Your interface, however, suffers from asymmetry: you are passed a pointer and call delete on it. But what if it was a pointer to an array ? What if it was a stack object ? Calling delete is preposterous.


A word of caution on your implementation.

I hope for your sake this is a trimmed down example, however since they are missing I cannot help but remind you that you should follow the Rule of Three (make it Five in C++11).

A very simple way never to forget is to change your raw pointer for a unique_ptr (possibly with a custom deleter). It will have correct move members by default and will force you to write the copy members should you need them.


Back to your question: Yes in general you will need a way to access the underlying resource, otherwise it would be useless.

There are multiple ways though:

  • if your container is specialized, it may present a domain oriented interface, this is what fstream does for example: you do not access the FILE* or whatever is inside, but instead use << and >> and .eof() , etc..
  • you may return a handle (pointer or reference)
  • you may have a method that takes a functor and will call it with a reference to the object (more functional oriented, less seen in C++)

It is up to you to design the interface so that your clients may actually use the resource.

C++ doesn't have a try-finally construct and RAII is basically a simulation of the finally block with the toolset of C++ (well, maybe a bit more than that but its quite easy to understand it this way if you know try-finally).
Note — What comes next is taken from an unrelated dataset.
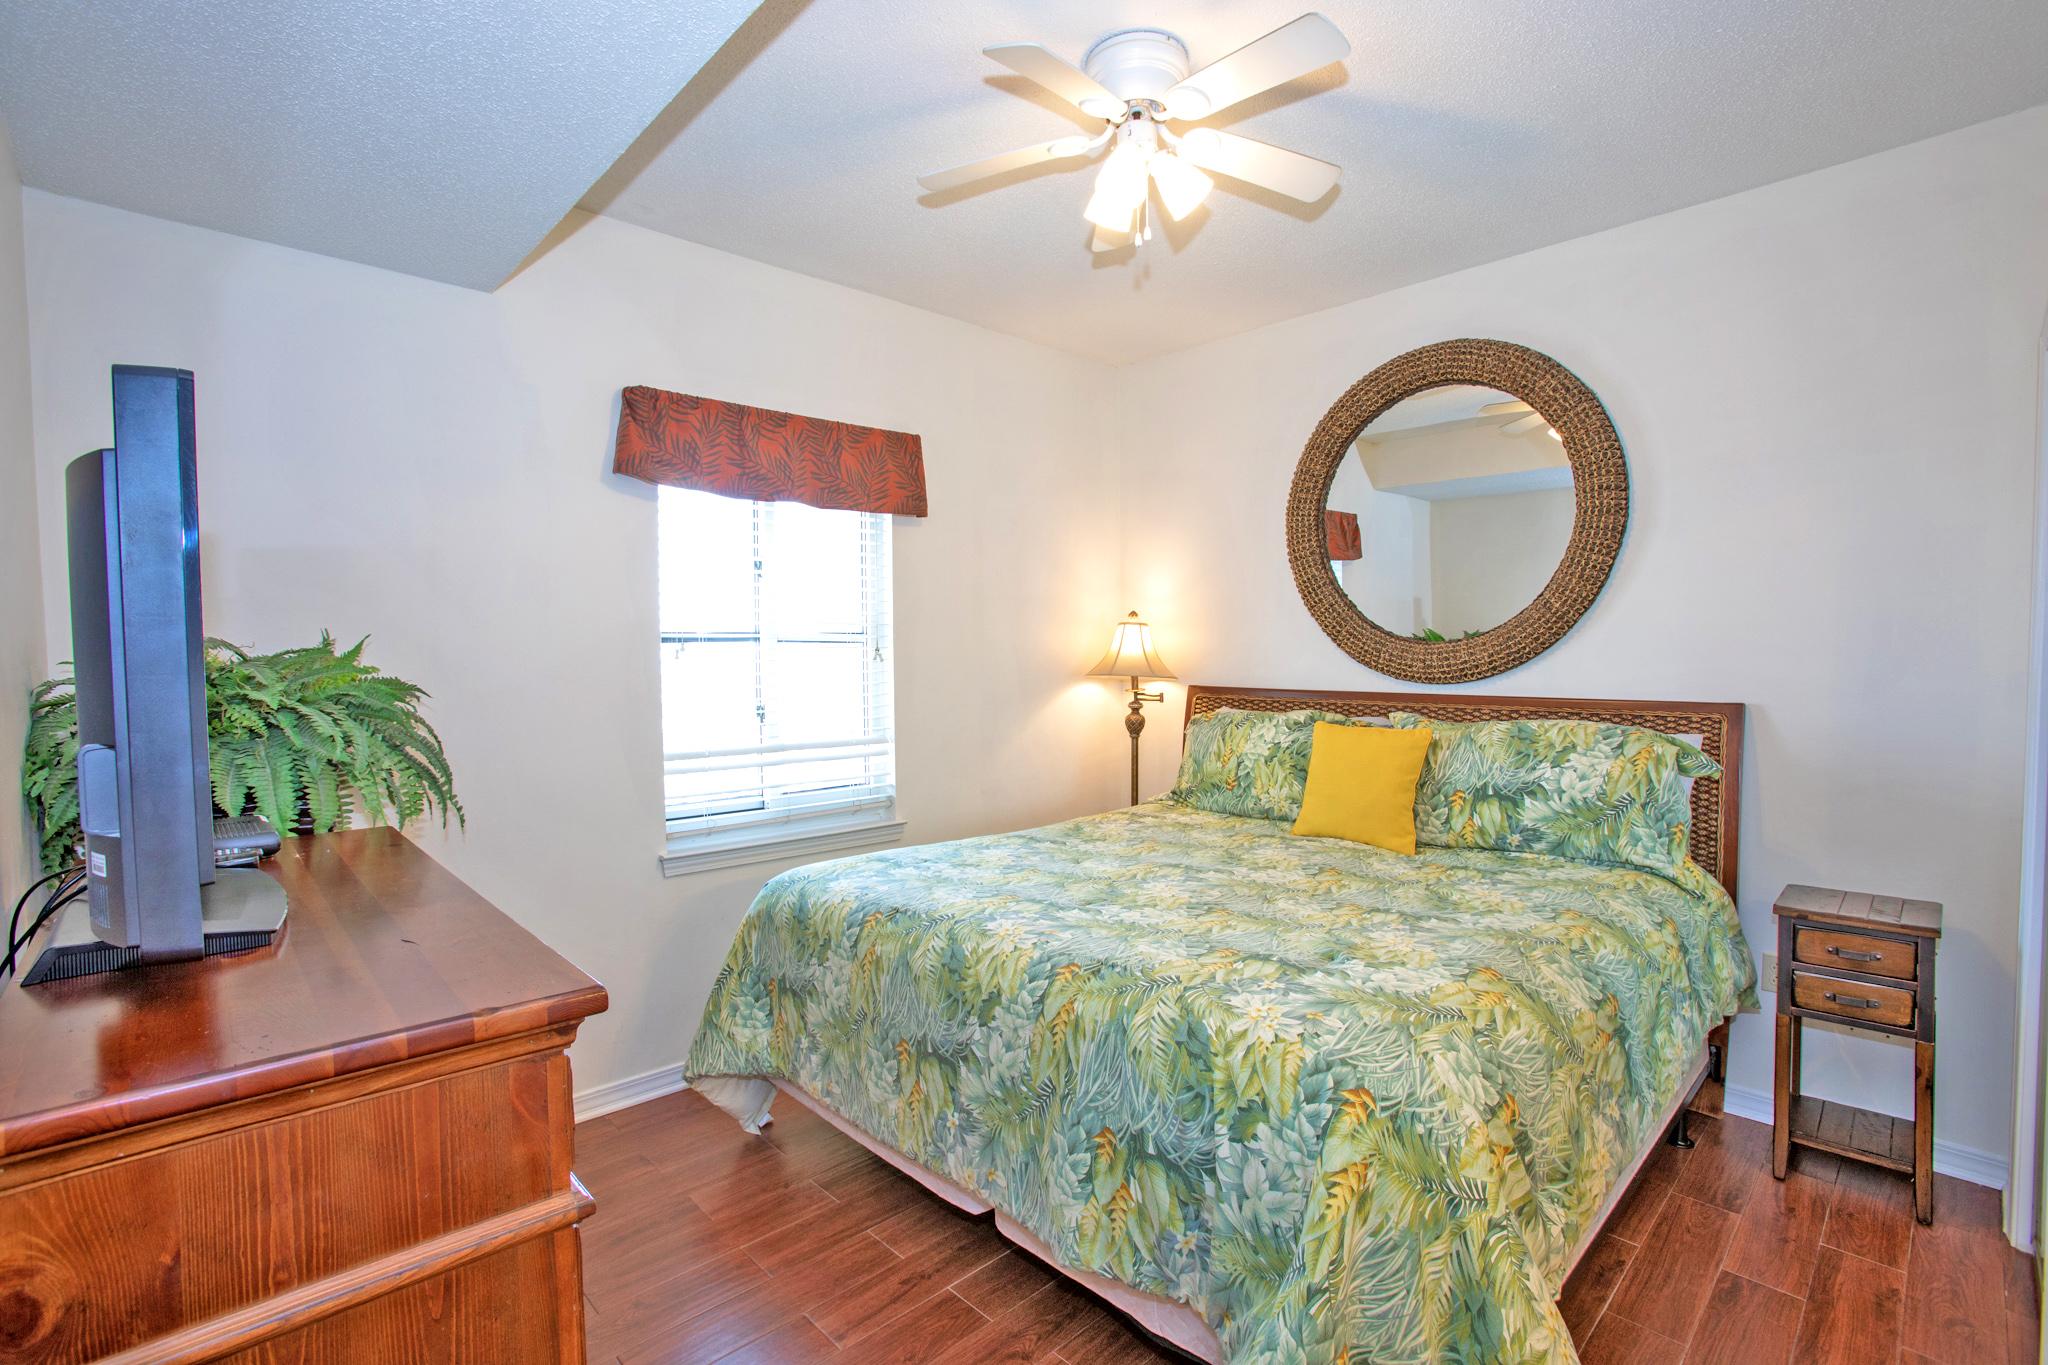 South Harbour #7E Condo rental in South Harbour ~ Pensacola Beach Vacation Rentals by BeachGuide in Pensacola Beach Florida - #7

You write a class with a destructor and you instantiate this class by value on your stack. When this instance runs out of the scope its destructor gets executed no matter how you leave the scope (with return, exception, break, continue, ...). This destructor execution can be treated as a "finally" block, so you can put the cleanup of your resources into the destructor to make sure that the resources don't leak at the end of the scope (In this case your foo*). In C++ there are also some special scopes (when you define an instance of your RAII-based class by value as part of another object - then the scope of your RAII object is the lifetime of its container object, this doesn't really fit with the try-finally example...)

This explanation is of course meaningful to you only if you understand the concept of the try-finally blocks from other languages... Visual C++ also had a nonstandard __finally handler (SEH based), I don't know whether it still has this.